Sohan Singh Josh (1898–1982) was an Indian communist activist and freedom fighter.

Life
Josh was born on 12 November 1898 at village Chetanpura in Amritsar district, Punjab Province, British India. His father, Lal Singh, wished for his son to be educated but there was no school nearby, so Sohan Singh entered school rather late. He passed the Middle standard examination from Church Mission School, Majitha, and the Matriculation examination from D.A.V. School, Amritsar. For his tertiary education, Josh joined the Khalsa College, Amritsar, but had to leave soon after owing to financial difficulties.

Following his short tenure at Khalsa College, Josh went to Hubli in Bengal Presidency and later to Bombay where he worked up to 1918 in the Censor's office. He returned to Amritsar later to pursue a career as a school teacher.
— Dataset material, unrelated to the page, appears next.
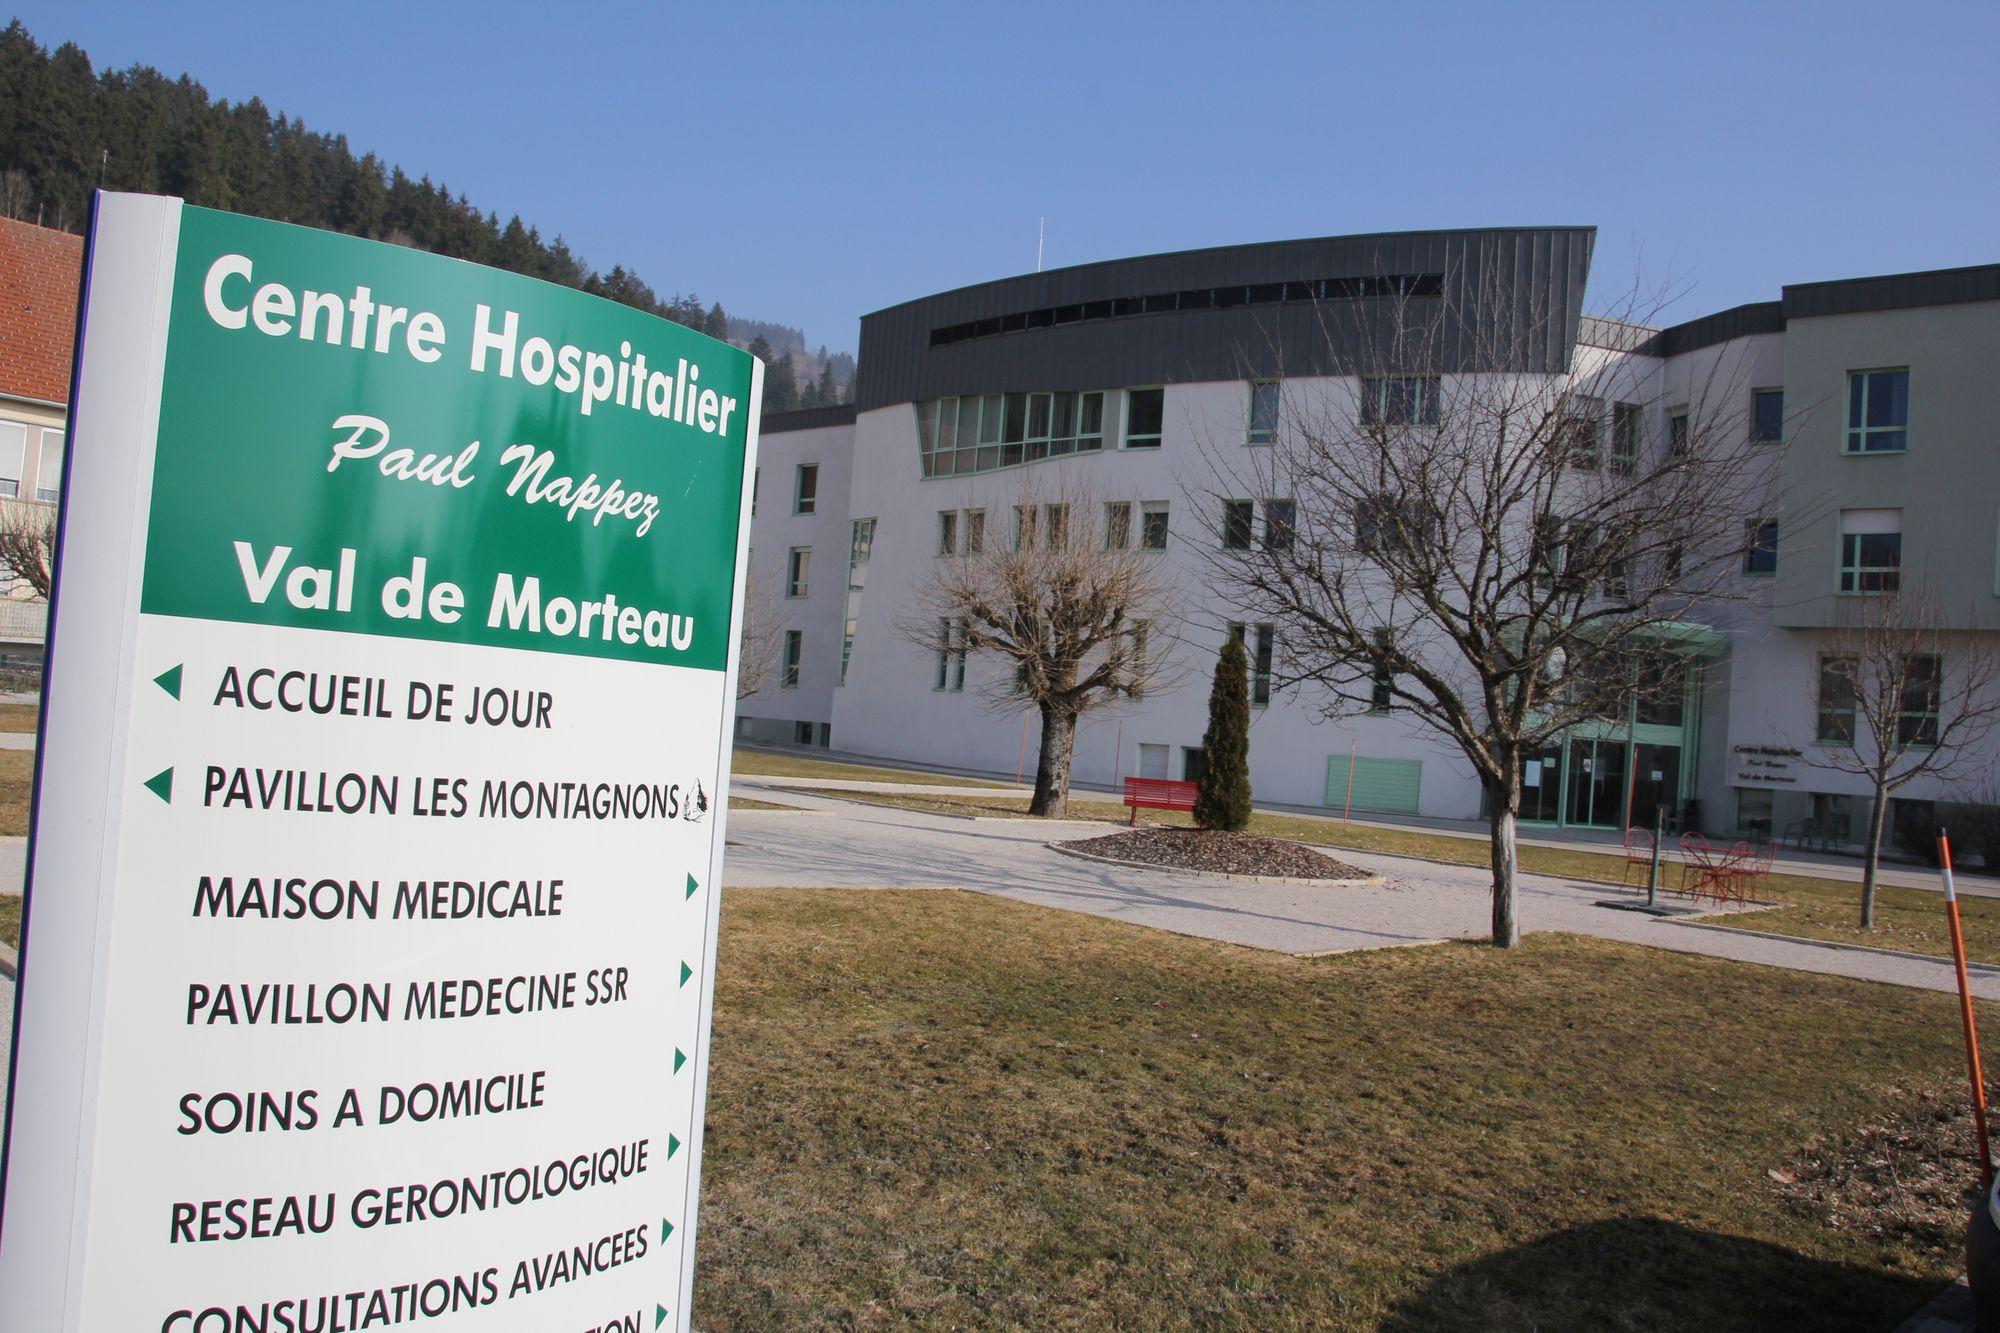 Les visites à l'EHPAD de Morteau bientôt autorisées

In 1921, Josh took an active interest in the Akali movement for the liberation of gurdwaras from mahants. Josh zealously opposed the British Raj in India, and as a result of his anti-British activities was arrested. He was tried and sentenced to three years imprisonment. At that time he became the member of the Shiromani Gurudwara Parbandhak Committee and the Shiromani Akali Dal. Josh was a prolific writer. In 1925 he helped to bring out a revolutionary paper, Kirti, which was main vehicle for Bhagat Singh to propagate his ideas.

Josh was a leader both of the Kirti Kisan Party and the Naujawan Bharat Sabha, being one of several people who were prominent in both organisations simultaneously. He was imprisoned for his role in the Meerut Conspiracy Case,  was released in November 1933 and thereafter aligned himself with the Communist Party of India.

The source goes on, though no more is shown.